There's no such thing as "morally deserve" in relation to wages. You deserve only what your employer has agreed to pay you for your labor. And that's unlikely to be anything other than what the market can support. If you think that the market can support more, then go and get a different job.

You should assume that your employer is only interested in exploiting you for corporate (or personal) profit. Your employer should assume that your only interest is in personal profit. Once you understand that your employer only wants to exploit you, and that you only want to exploit your employer, you'll be much happier because you won't be guided by illusionary moral motives.

Your employer may regard you as nothing but a widget but (1) he'll do that anyway, even if you think that it's unfair or socially irresponsible and (2) you're free to do likewise to your employer. An employer might exploit a labor glut, but you're also free to exploit a labor shortage.

I think that some librarians get far too emotionally invested in their work, and that's why complaints like this are common. They want to save the world, or at least some part of it. They see their work as a moral calling rather than as a way to make money. And I confess that I, too, used to be afflicted with this impaired thinking.

Now, the only reason I go to work is for my paycheck. I earn it fair and square by doing the work that I agreed to do for that paycheck, and no more. If other people benefit or social goods are attained, it is of no consequence so me; only that I get paid.

And I'm quite open about this. My employer doesn't mind because I do my job well.

If you don't think that an employer is paying you enough money, don't work there. You have no moral duty to care about society in general or any institution or profession in particular. You're free to act in your self-interest, and so is everyone else.

12 comments:

bob said...

I think if an employer is paying enough that an employee is satisfied their probably paying to much. There should always be something to strive for.

Larry B said...

I generally agree with what you postulate about pay in regards to there being no moral duty to any level of pay on the part of the employer.

You did say "If other people benefit or social goods are attained, it is of no consequence so me; only that I get paid.
"

Would you consider the converse (of sorts) to be true also i.e. If I get paid, it is of no consequence if people are harmed and society is ill served?

John said...

Larry B, I would answer no. There is a moral difference between doing harm to another and refraining from doing good to others.
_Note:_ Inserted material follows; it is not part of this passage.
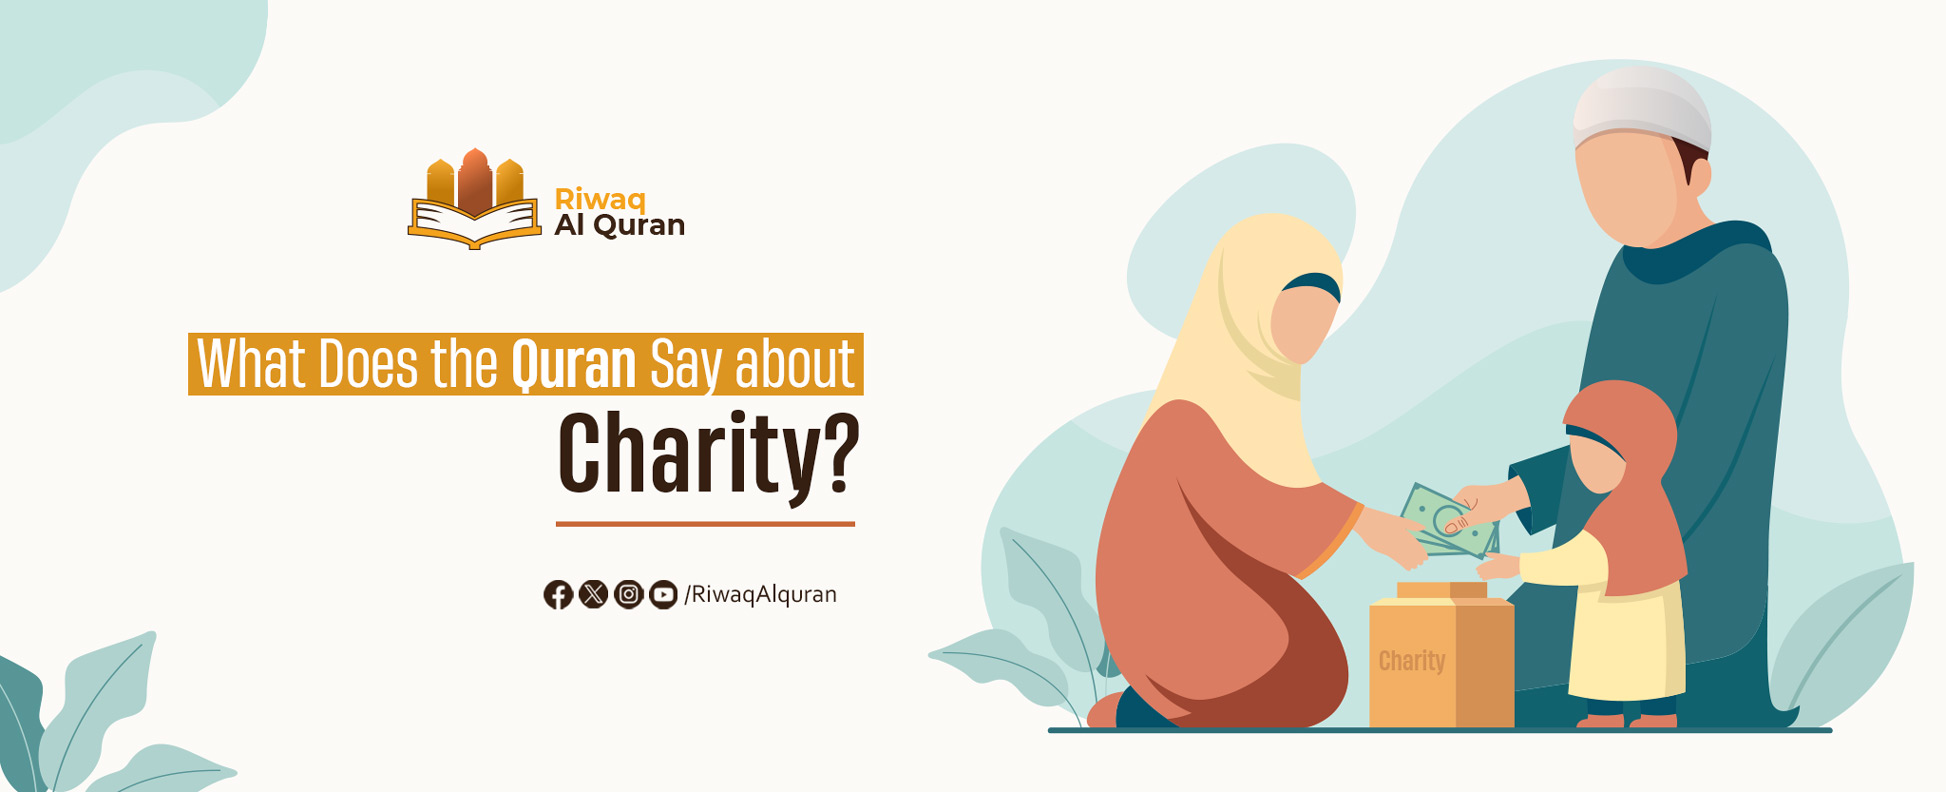 What Does the Quran Say About Charity?

Let's say two men walk by a panhandler. One ignores him and goes about his business. The other robs the panhandler's cup.

The first man may be a selfish, heartless bastard, but he has done the panhandler a wrong. The second one has.

Larry B said...

John,

Thanks for your answer to my question. Your post actually made me think of the ads on TV where they show "hidden camera" interviews for a tobacco executive position and I wondered if the complaining librarian in your post would be interested in taking a job maybe catalogueing fake documents for a tobacco company since they apparently would be willing to pay a lot to have people do their "dirty work".

Divers and Sundry said...

"You're free to act in your self-interest, and so is everyone else."

Some see serving others to be in their self-interest.

James R. Rummel said...

John is right. A job is a contract, an exchange. If you don't like it, leave and find another. No one has any obligation to provide you a job, and you don't have an obligation to stay as long as you haven't signed a contract.

"Would you consider the converse (of sorts) to be true also i.e. If I get paid, it is of no consequence if people are harmed and society is ill served?"

This is a straw man. Employers don't force workers to slave away at gunpoint. Where is the social harm of offering people a job, anyway? Simply leave and find other employment if it is so horrible.

Even if a single industry controls the economic health of an area, such as coal mines in West Virginia at the end of the 19th Century, there is nothing to keep people in this day and age from packing the car and moving away.

There are also laws on the books to keep employees from causing harm. Commit a crime, even if you are just following orders, and you go to jail anyway.

The only way that Larry B's statement makes any sense is if I got a job as a minion for a supervillian, and the supervillain manages to take over the world and enslave humanity because I was on his team. To that I can only say....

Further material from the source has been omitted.